Ma basti di questo. La tua dolce amica è là in casa, e tutto intorno a lei è mestizia e travaglio. Tu non le esci mai dal pensiero, mai; e, misera, si strugge a occhi veggenti. Da principio il tuo amore riboccava come un ruscello allo sciogliersi delle nevi; glie l'hai versato nel cuore, ed ecco il tuo ruscello si è riseccato. Or pare a me, che invece di star qui a fare il grande, intronizzato nelle boscaglie, tu faresti assai meglio di andarne a consolare dell'amor suo quella travagliata.

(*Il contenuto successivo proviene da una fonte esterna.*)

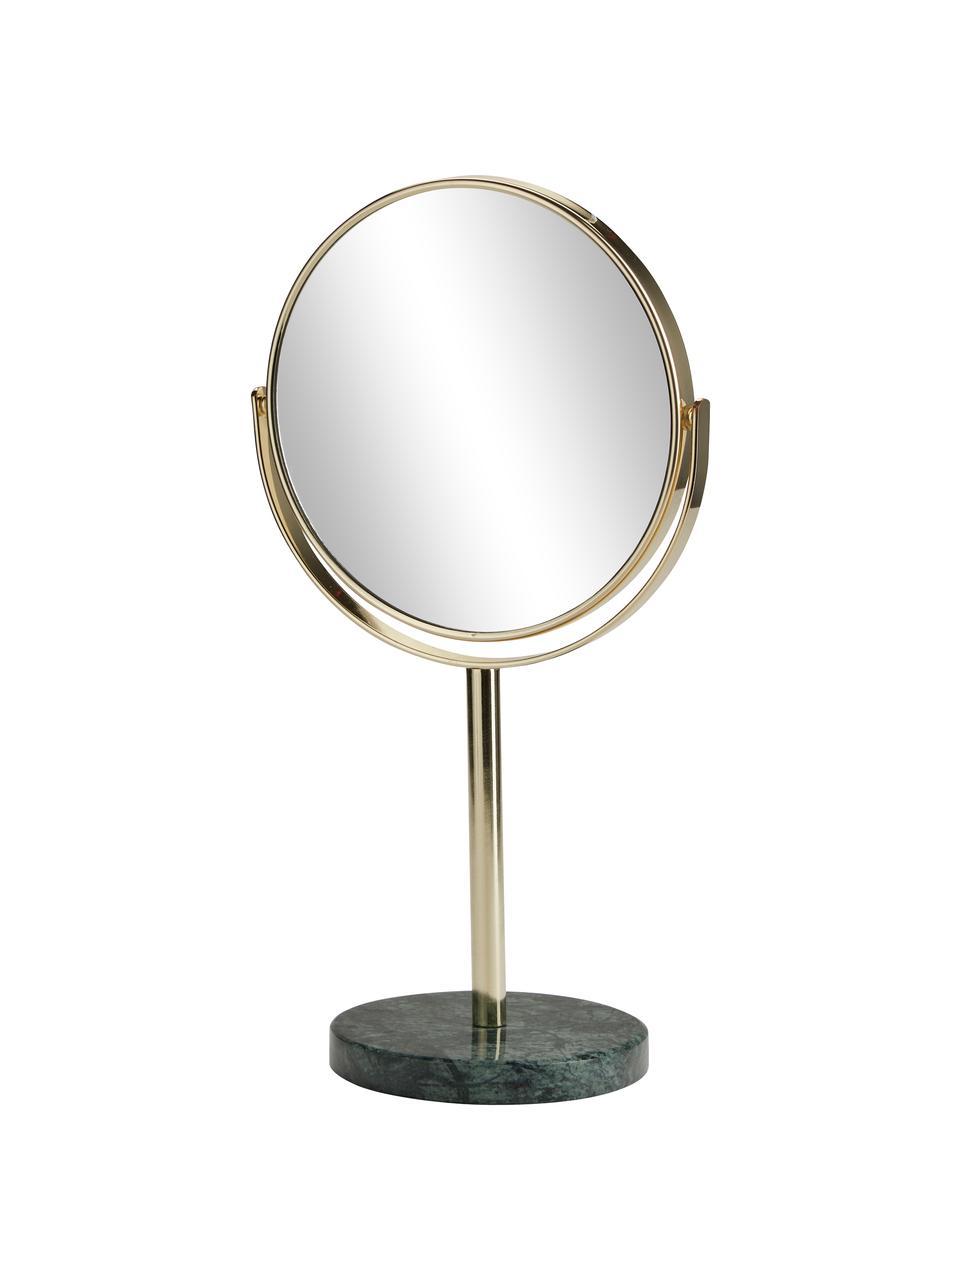 Kozmetické zrkadlo s mramorovým podstavcom Ramona, Odtiene zlatej, zelená

Il tempo le par lungo, che è una compassione. E stassi alla finestra guardando le nubi che traggono sulle antiche mura della città. "S'io fossi un uccellino!" così canta tutto il dì, canta mezza la notte. Talvolta è gaja; mesta per lo più; ora sfoga il cuore con dirotte lagrime, pare alquanto acquetarsi; ed arde pur sempre.
FAUST. Serpente! serpente!
MEFISTOFELE (da sé). Non è il vero? E già ti allaccio!
FAUST. Impudentissimo! levamiti dinanzi, e non nominare mai più quella soave creatura. Non mi riardere nei sensi già mezzo affascinati il desiderio della sua dolce persona.
MEFISTOFELE. Che sarà dunque? Ella crede che te ne sii fuggito, e il sei già in parte.
FAUST. Io le son presso; e le fossi pur anche lontano, né io la dimenticherei, né la perderei mai. Sì, io porto invidia al corpo del Signore, allorché le sue labbra lo toccano.
MEFISTOFELE. Egregiamente! Ed io ho spesso invidiato a voi que' due gemelli che pascolano fra le rose.
FAUST. Va via, ruffiano!
MEFISTOFELE. Per eccellenza! voi mi svillaneggiate, ed io non so tenermi di ridere.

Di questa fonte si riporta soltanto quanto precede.